= Build automation =

Building software via an unattended fashion

Build automation is the practice of building software systems in a relatively unattended fashion. The build is configured to run with minimized or no software developer interaction and without using a developer's personal computer. Build automation encompasses the act of configuring the build system and the resulting system.

Build automation encompasses both sequencing build operations via non-interactive interface tools and running builds on a shared server.

== Tools ==
Build automation tools allow sequencing the tasks of building software via a non-interactive interface. A build system or build automation tool is a programming tool or set of tools that automate the compiling and linking of source code into an executable program or library. They streamline the software development process by managing dependencies, resolving conflicts, and ensuring consistent builds across different environments.

When software projects grow complex, their build steps may involve multiple programming languages or compiling units, making manual build processes increasingly cumbersome. Dependencies between code components necessitate careful ordering and potentially different tools for each piece. Managing these dependencies manually can quickly lead to version conflicts, stale binaries, and difficulty tracking updates, making solutions such as shell scripts too difficult to maintain.
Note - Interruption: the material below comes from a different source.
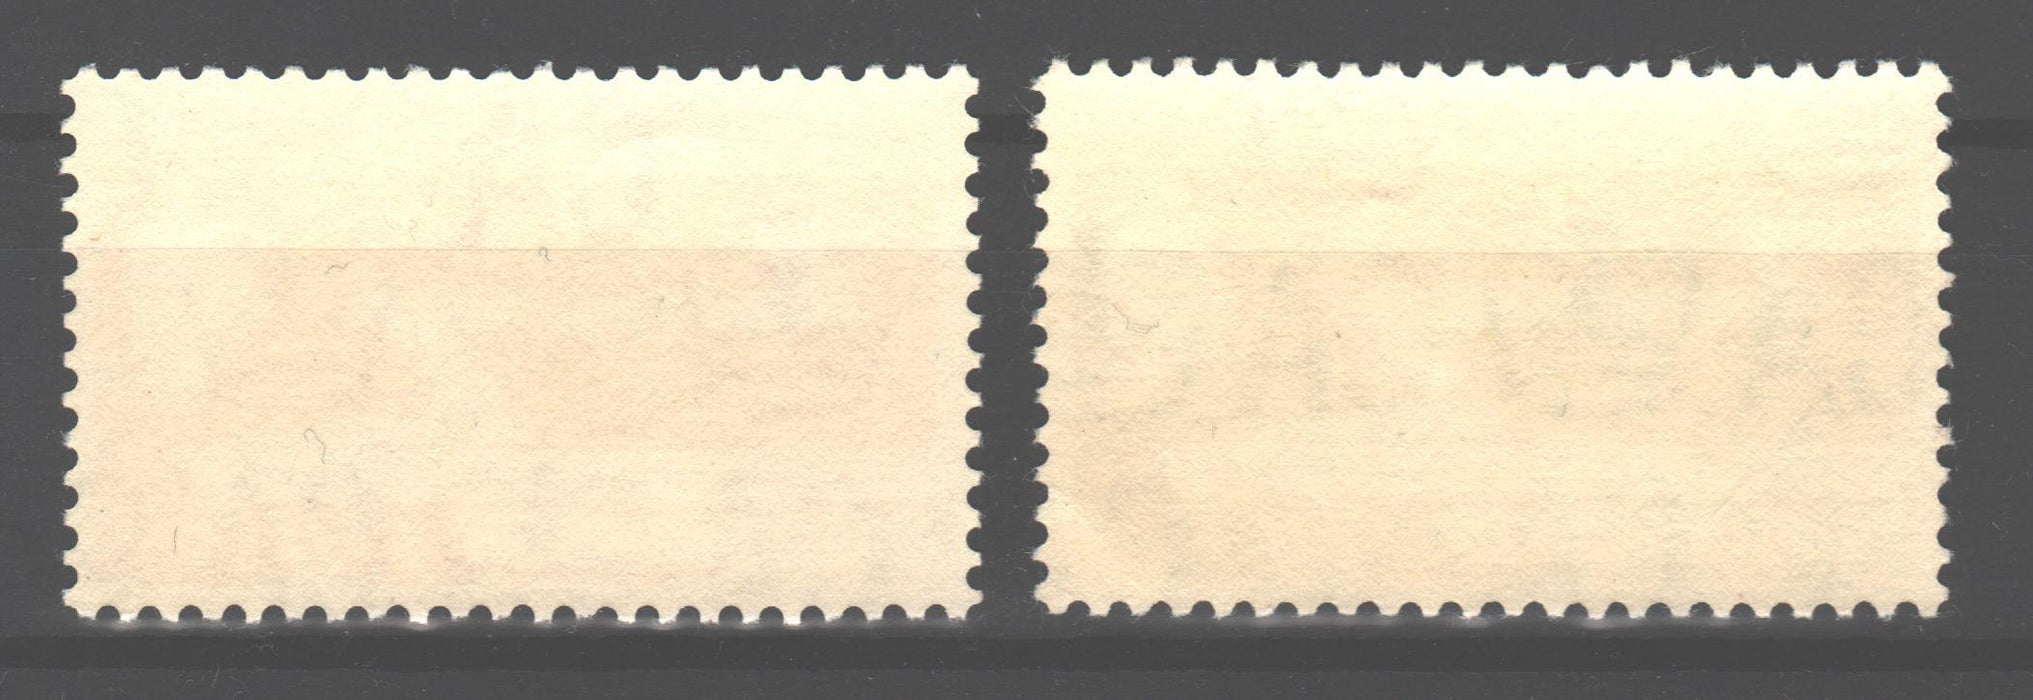 St. Vincent 1965 ITU Issue Scott #224-225 c.v. 0.80$ - (TIP A)-Stamps Mall

While individual developers might compile code directly, a robust build system is foundational to efficient software development in large organizations and teams, where automated builds become commonplace and most builds are triggered automatically rather than manually. Given the essential role of build systems, it is said that they act as "repositories of essential build knowledge". They effectively eliminate roadblocks and accelerate development velocity by enabling engineers to share resources and results.

=== Incremental build ===
An incremental build is a process within a build system where build tools use an incremental compiler to recompile only the parts of a software project that have changed since the last build, rather than rebuilding everything from scratch. This optimization reduces build time by leveraging dependency tracking, caching, and selective compilation.

Incremental builds are especially valuable in large-scale software projects, where recompiling the entire codebase can be time-consuming and resource-intensive. By identifying and compiling only the modified components—such as source files, libraries, or modules—the build system ensures faster iteration cycles, enabling developers to test and debug changes more efficiently.

The process relies on a dependency graph, which maps relationships between files, modules, or components in the project. When a change is detected, the build system traverses this graph to determine which parts of the project are affected and need to be recompiled. Modern build tools, such as Make, Gradle and Bazel, often incorporate incremental build capabilities to streamline development workflows.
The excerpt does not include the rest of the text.